The second time around, in 2015, SB 459 passed, making it so that a drug user could call 911 in an emergency and avoid arrest. According to the PHASA members, it’s a positive step in policy direction that allows more naloxone to get to more places where overdoses are likely to occur—and save more lives.

What’s next for naloxone?

Currently, naloxone is legally available through Northern Nevada HOPES and can be prescribed by doctors. A letter sent from state health officials to health-care providers in January to explain the new law reads, “One important component of the legislation allows first responders, family members, and friends the ability to obtain and administer naloxone …”

Proponents are pleased, but they say SB 459 is one of several steps. Now, they’d like to see the drug even easier to access. Livernois said he’d like to see a standing order from the state’s Chief Medical Officer that could make naloxone as readily available from a pharmacy as a Plan B pill or a flu shot, both drugs that can be purchased without a prescription.

The Chief Medical Officer position is officially vacant for a few more days.
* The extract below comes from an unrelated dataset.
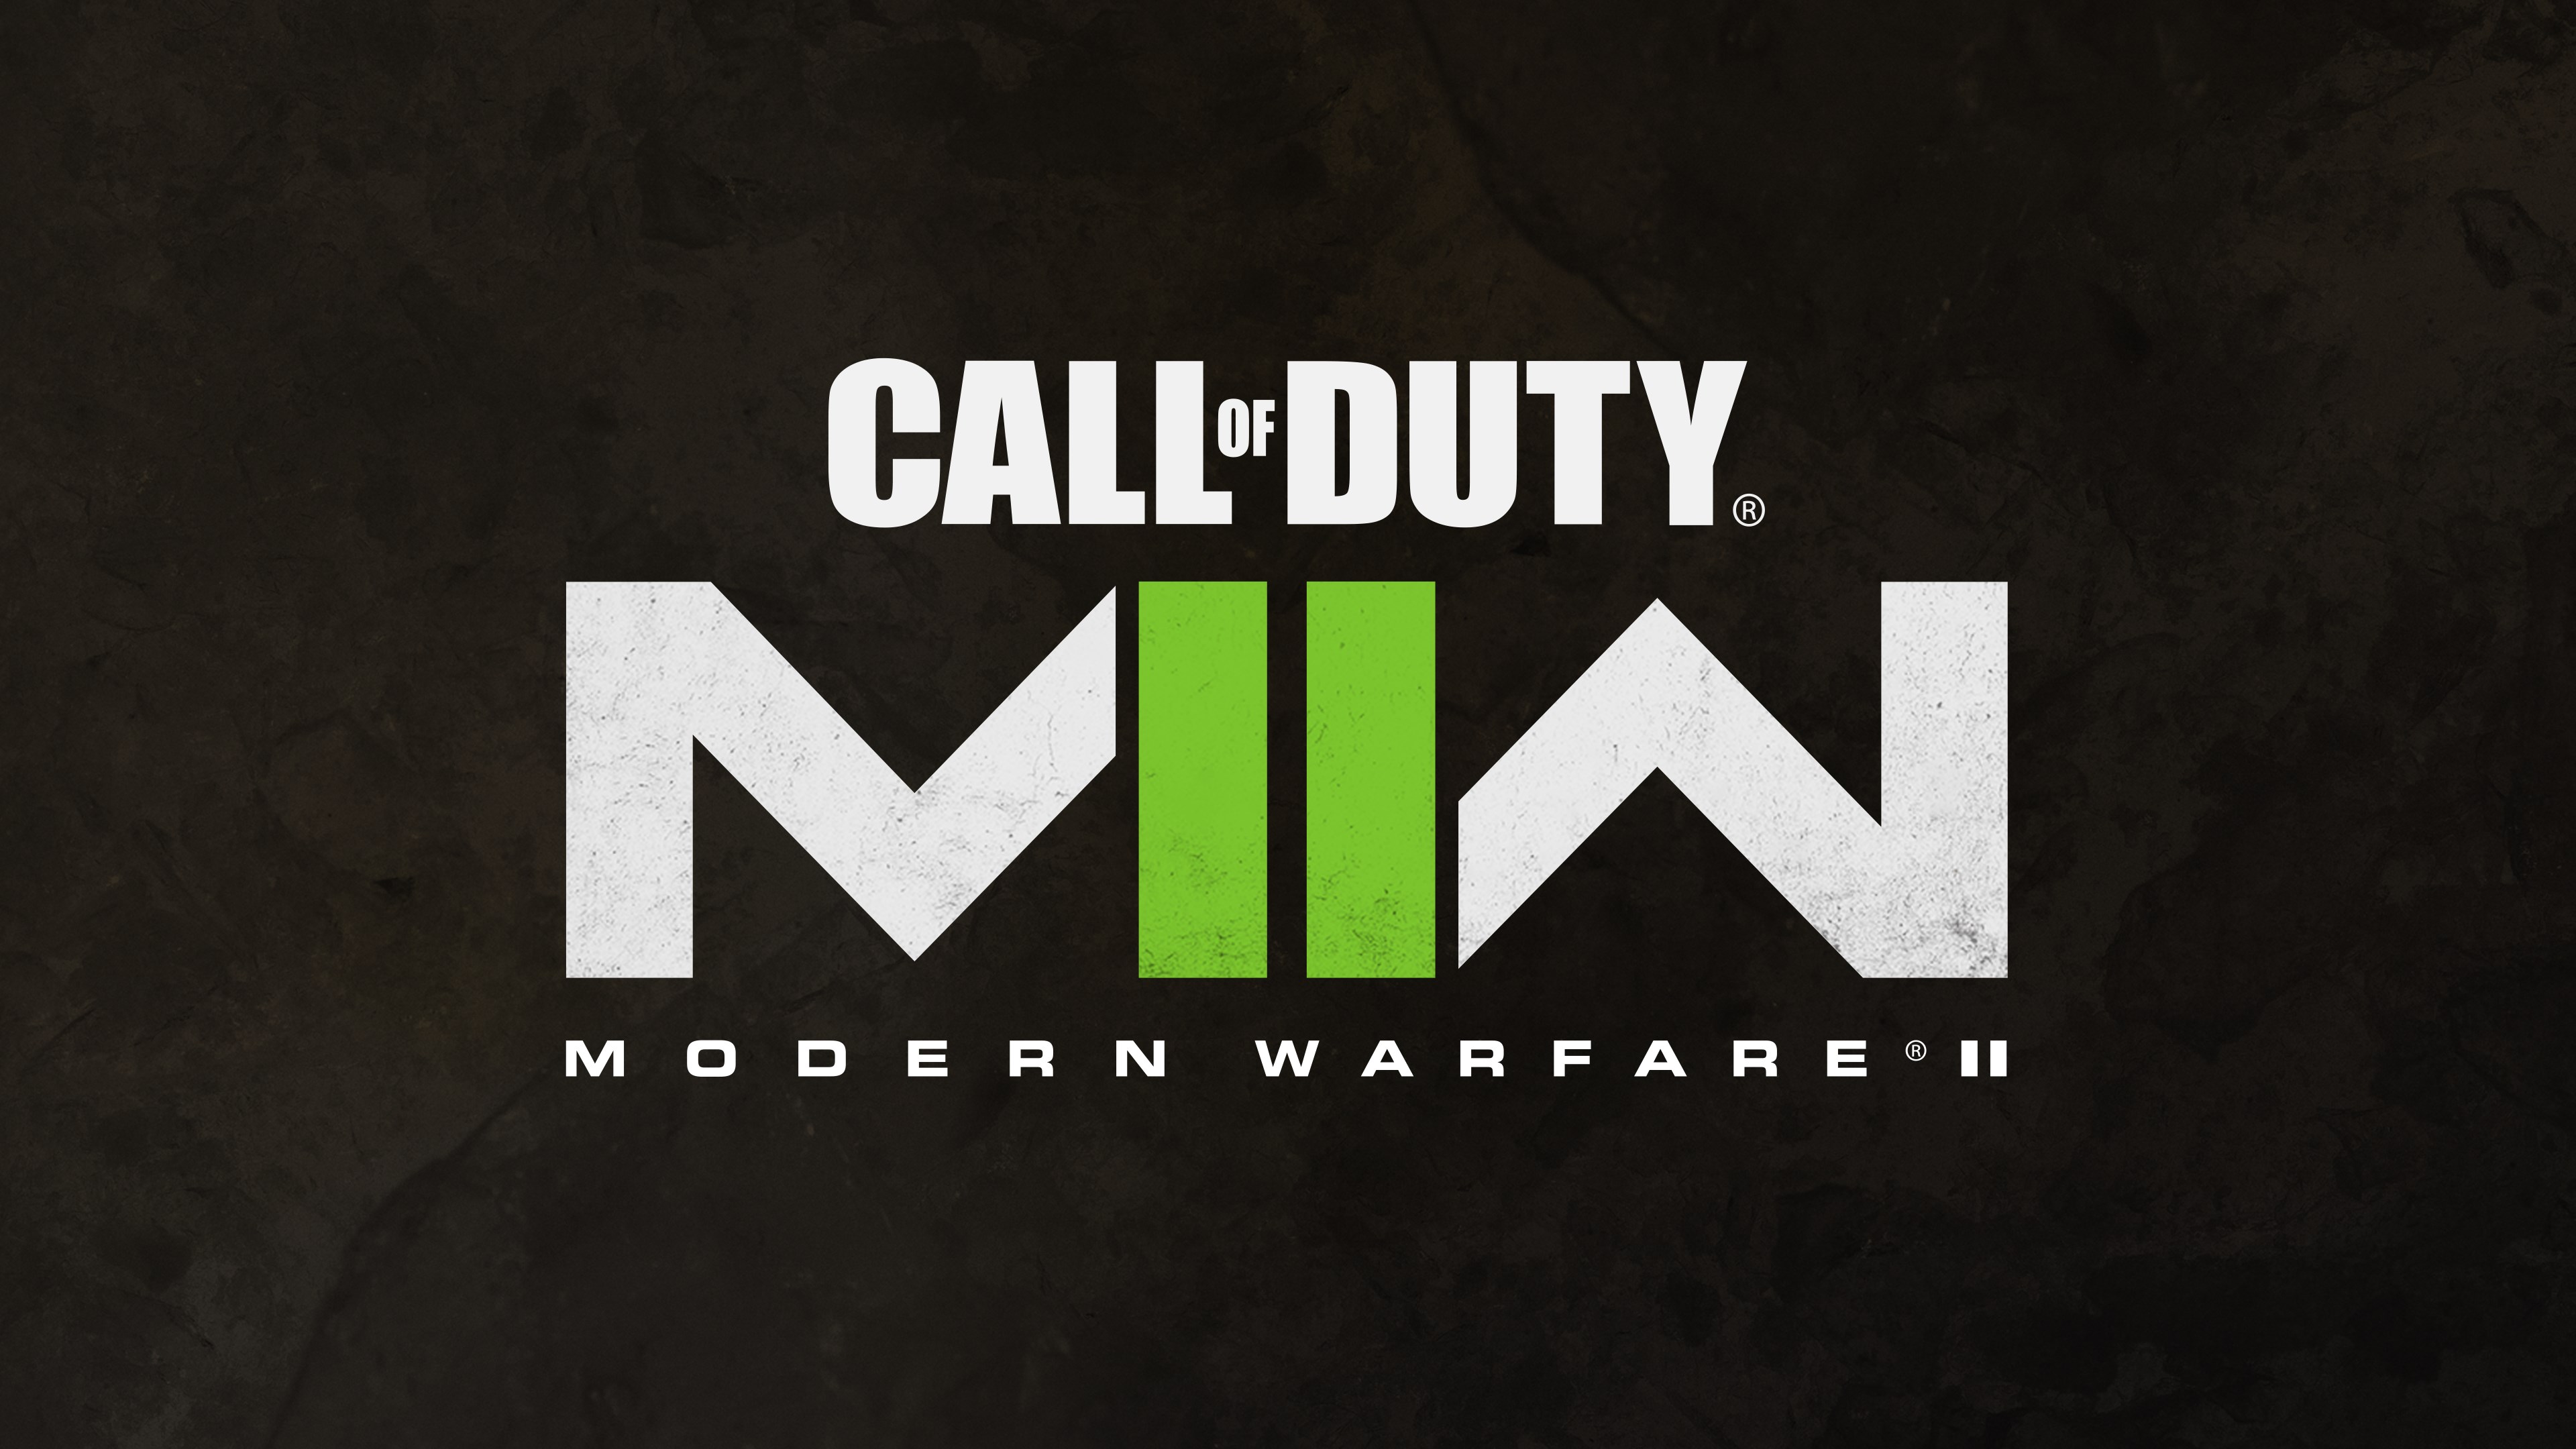 Call Of Duty Modern Warfare Ii Is Now Available For Digital Pre Order And Pre Download On Xbox

Incoming Chief Medical Officer John DiMuro, who takes the post July 1, said, in an email message, "Naloxone is just one important piece to the puzzle regarding opiate drug overdose and its use should not be taken lightly." He added that he is "in the process of exploring standing orders" to ensure that they are safe and effective.

Wagner said, “Having naloxone in the hands of people who are at risk and their friends and their family members is the way we can drive down death rates.” She added that she’d also like to see people offered naloxone when they’re released from incarceration. During the weeks after a person leaves prison, the risk of relapse increases drastically. A National Institutes of Health report reads, “One man in his mid-forties struggling to stay abstinent from drugs after his release: ’You get asked 50 times if you want some coke before you get into the [shelter] door.’”
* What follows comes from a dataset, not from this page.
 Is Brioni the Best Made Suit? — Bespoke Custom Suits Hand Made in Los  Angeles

REMSA’s Cindy Green said if the decision were in her hands she’d favor even wider distribution of naloxone than a standing order would allow.

“It could be available at 7-Eleven,” she said. But would that arrangement present any drawbacks?
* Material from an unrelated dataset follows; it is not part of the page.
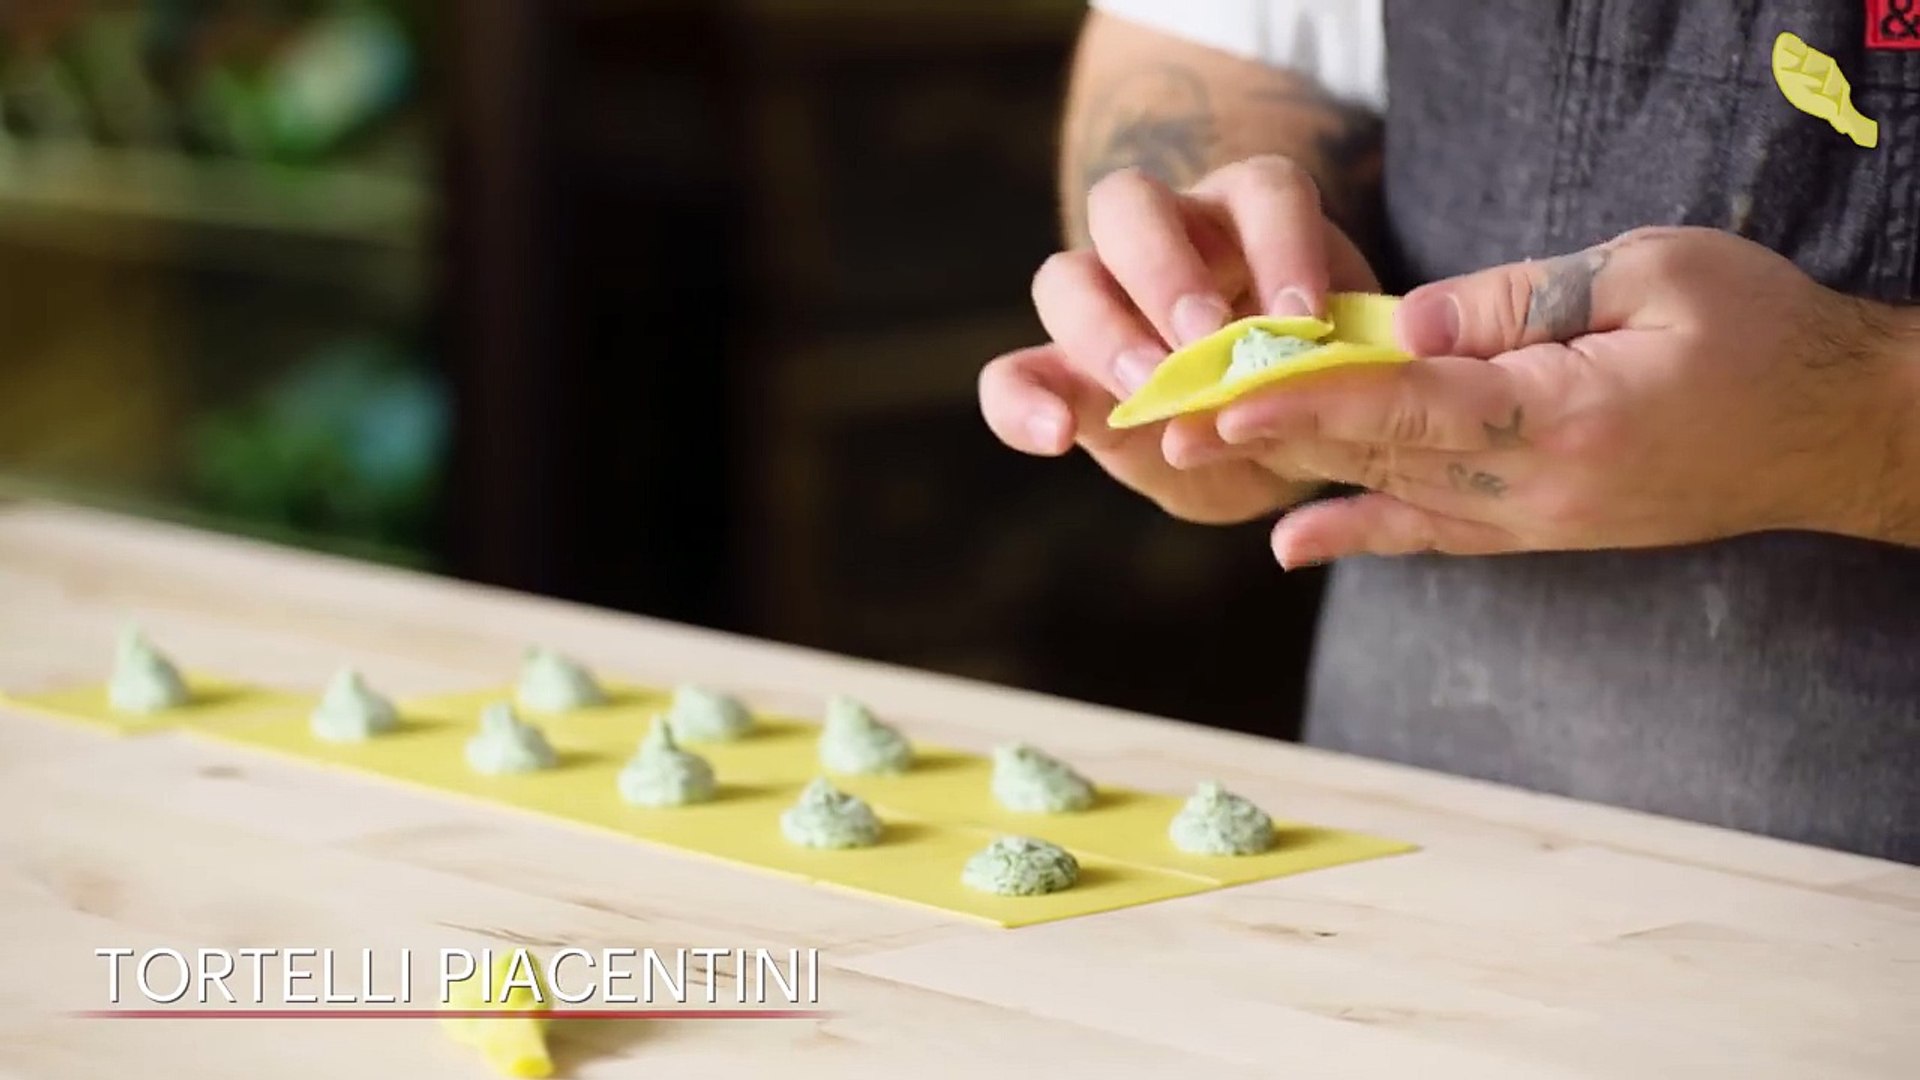 Watch How to Make 29 Handmade Pasta Shapes With 4 Types of Dough

“Absolutely not,” she said. “People who do drugs are going to do it. You can’t stop them, but you can save a life.”

Life after addiction

As for Livernois, he’s happy to be alive and grateful to be in a position to help. He said it takes a lot of effort to stay clean. Working at a syringe services, he said, “Every day I’m reminded of what I don’t want. Every day, past Josh comes in and talks with present Josh and reminds him what he doesn’t want. And reminds him to stay grateful.” He remembers often what the employees and volunteers at the syringe services facility in Salinas did for him.

“To walk into a place when I was used to basically being invisible to the population at large, and have people get to know your name, remember who you are, smile at you, welcome you, treat you with dignity, it made a huge difference,” he said. He also does this job, he said, because he needs to. He’s rejected a life of prison sentences, homelessness and waking up nauseous from withdrawal, but he hasn’t rejected the people who still struggle with those problems. Being part of that community, he said, has been critical to his survival.

“I feel like that’s the most important thing that can turn somebody’s life around,” he said. “I don’t care if it’s Alcoholics Anonymous or NA or Jesus Christ or fucking Tupperware or you know, kickball. It’s finding your community of people that make you feel happy to be alive. That’s where I found it, in the harm reduction community.”